[Supplied records]

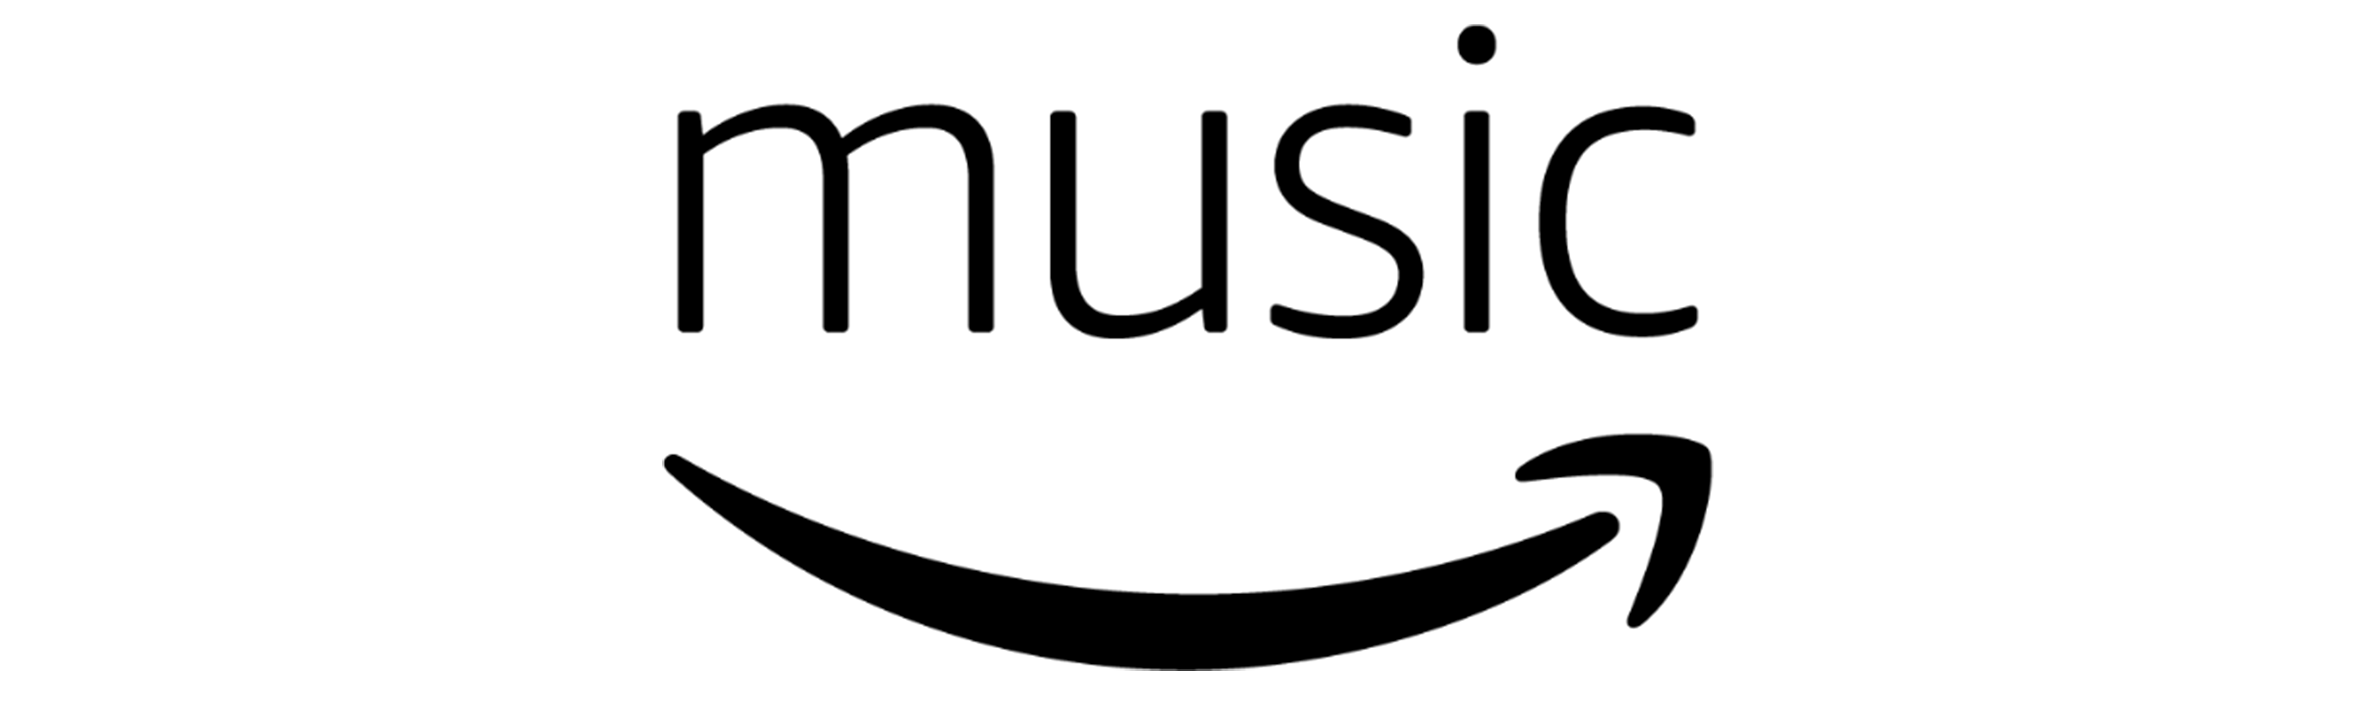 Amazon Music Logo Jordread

[/Supplied records]
[Supplied records]

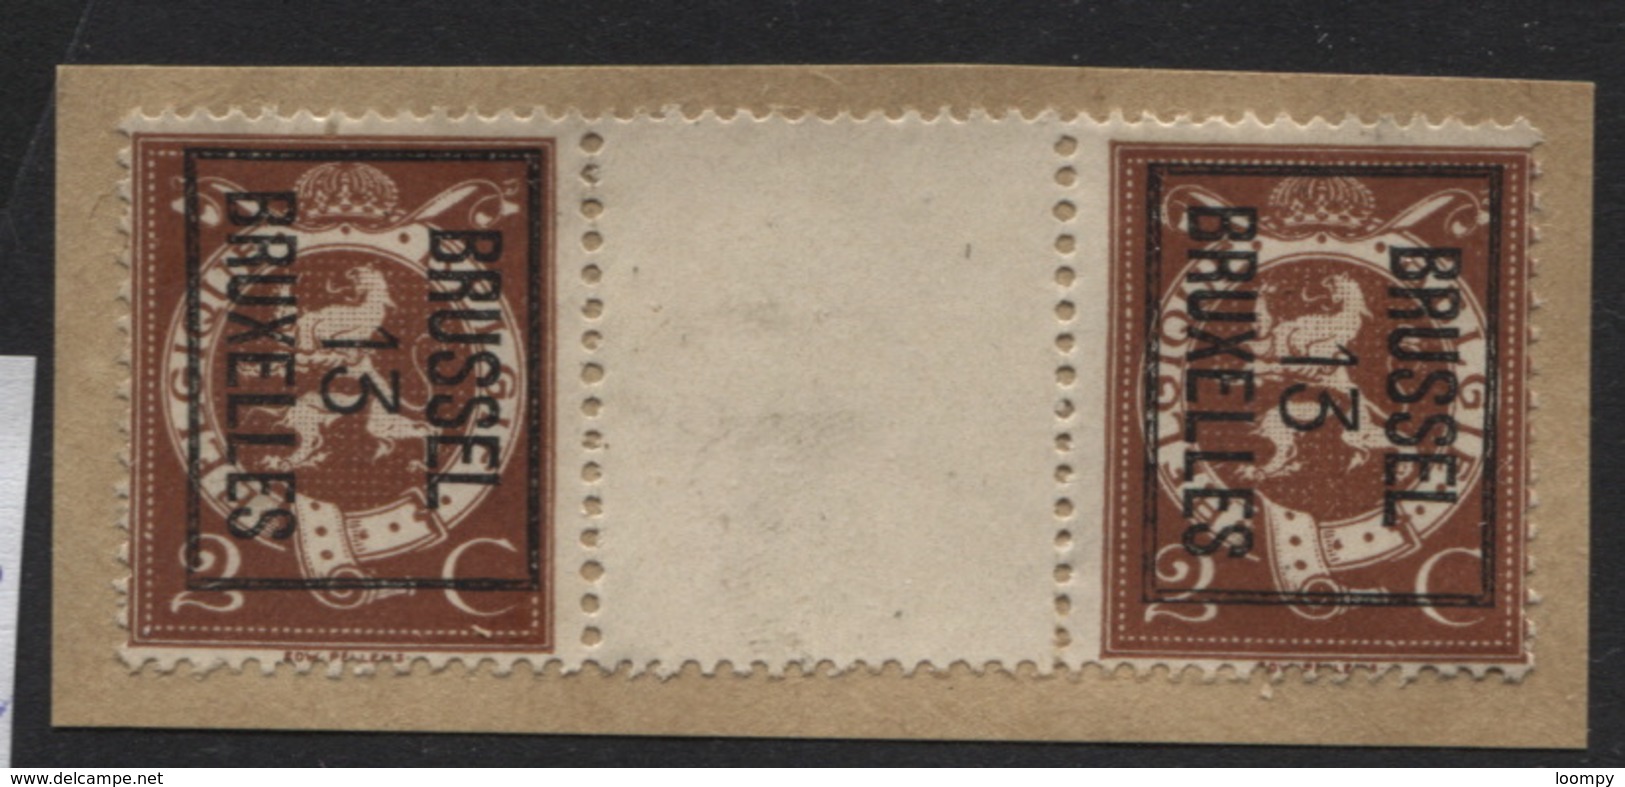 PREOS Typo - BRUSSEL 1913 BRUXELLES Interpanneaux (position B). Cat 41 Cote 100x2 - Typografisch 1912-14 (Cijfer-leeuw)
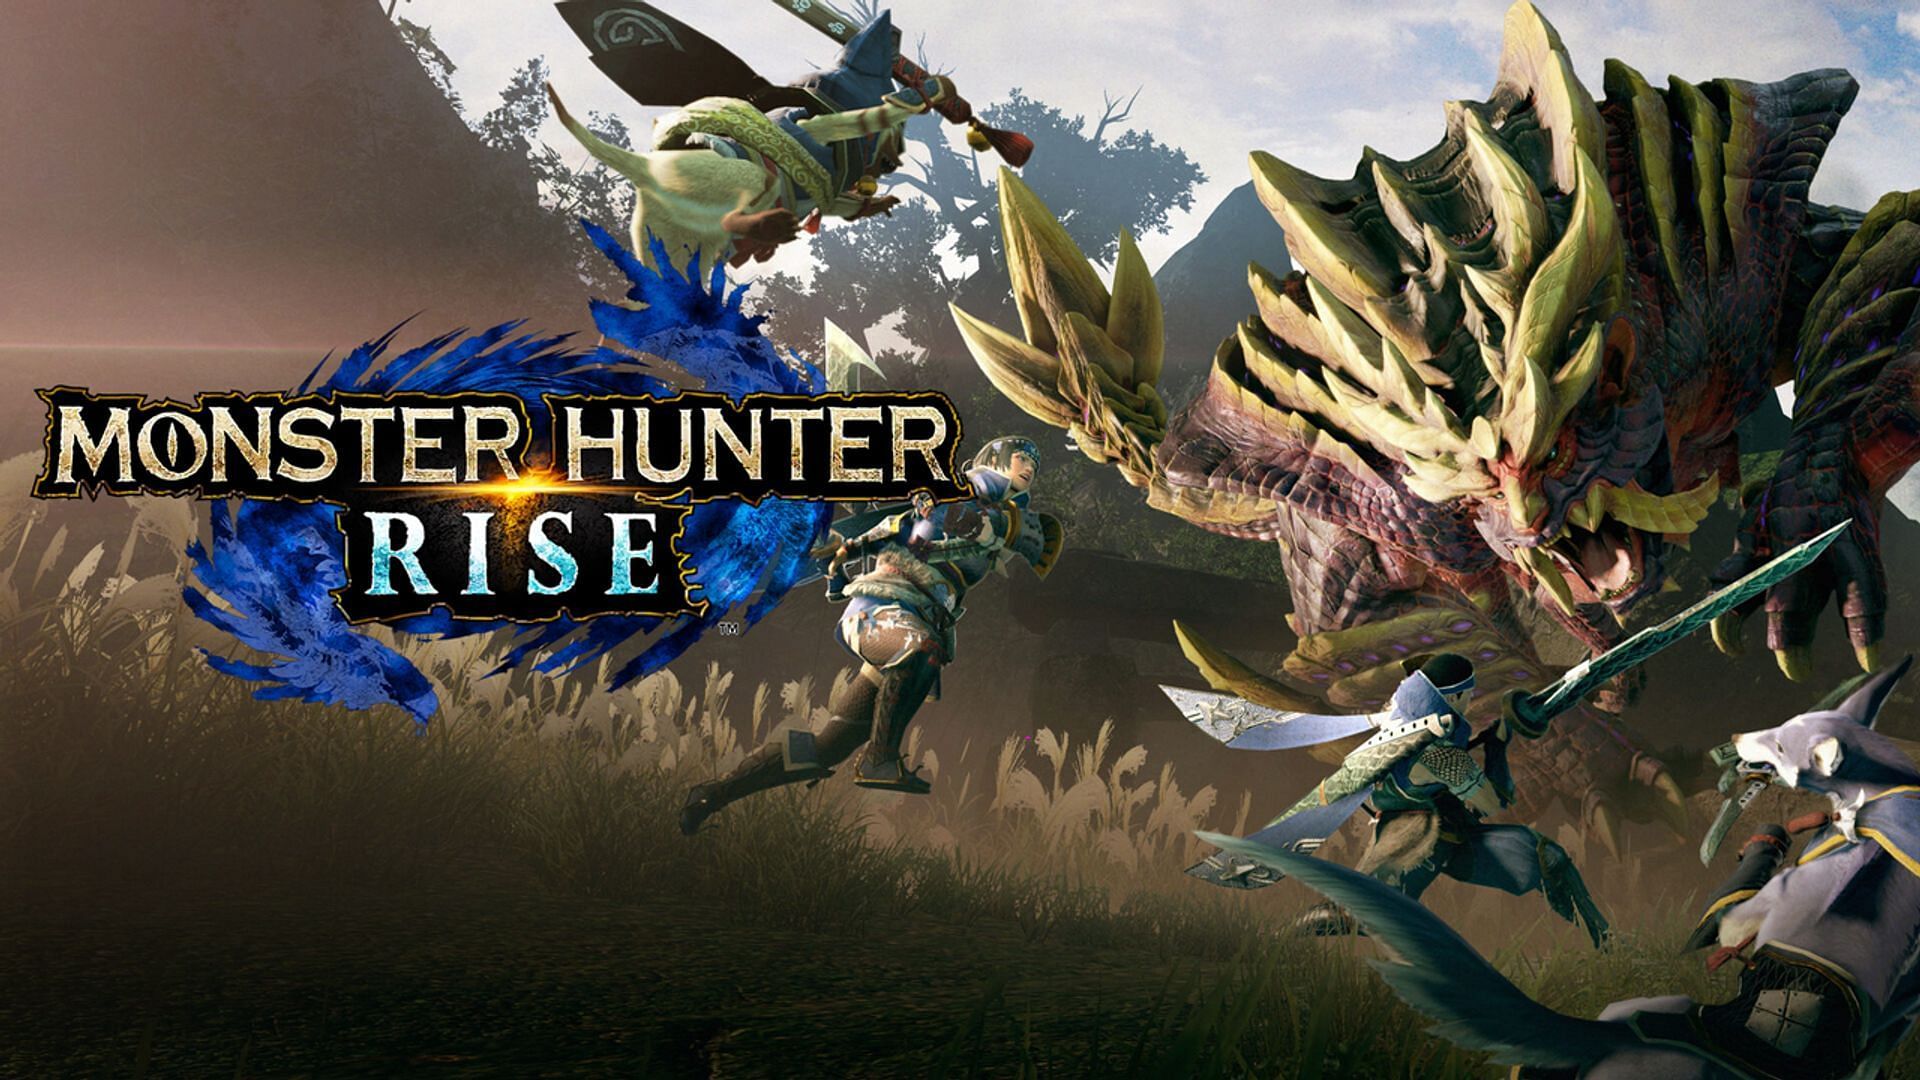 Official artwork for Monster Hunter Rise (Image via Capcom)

[/Supplied records]
[Supplied records]

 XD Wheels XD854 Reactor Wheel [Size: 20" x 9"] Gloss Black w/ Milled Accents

[/Supplied records]

*Exercise details*
In the records above, copy exactly everything from the line that has "PREOS Typo - BRUSSEL" down to the line that has "Official artwork for", both ends included, and leave out the pictures.

*Task solution*
 PREOS Typo - BRUSSEL 1913 BRUXELLES Interpanneaux (position B). Cat 41 Cote 100x2 - Typografisch 1912-14 (Cijfer-leeuw)
 Official artwork for Monster Hunter Rise (Image via Capcom)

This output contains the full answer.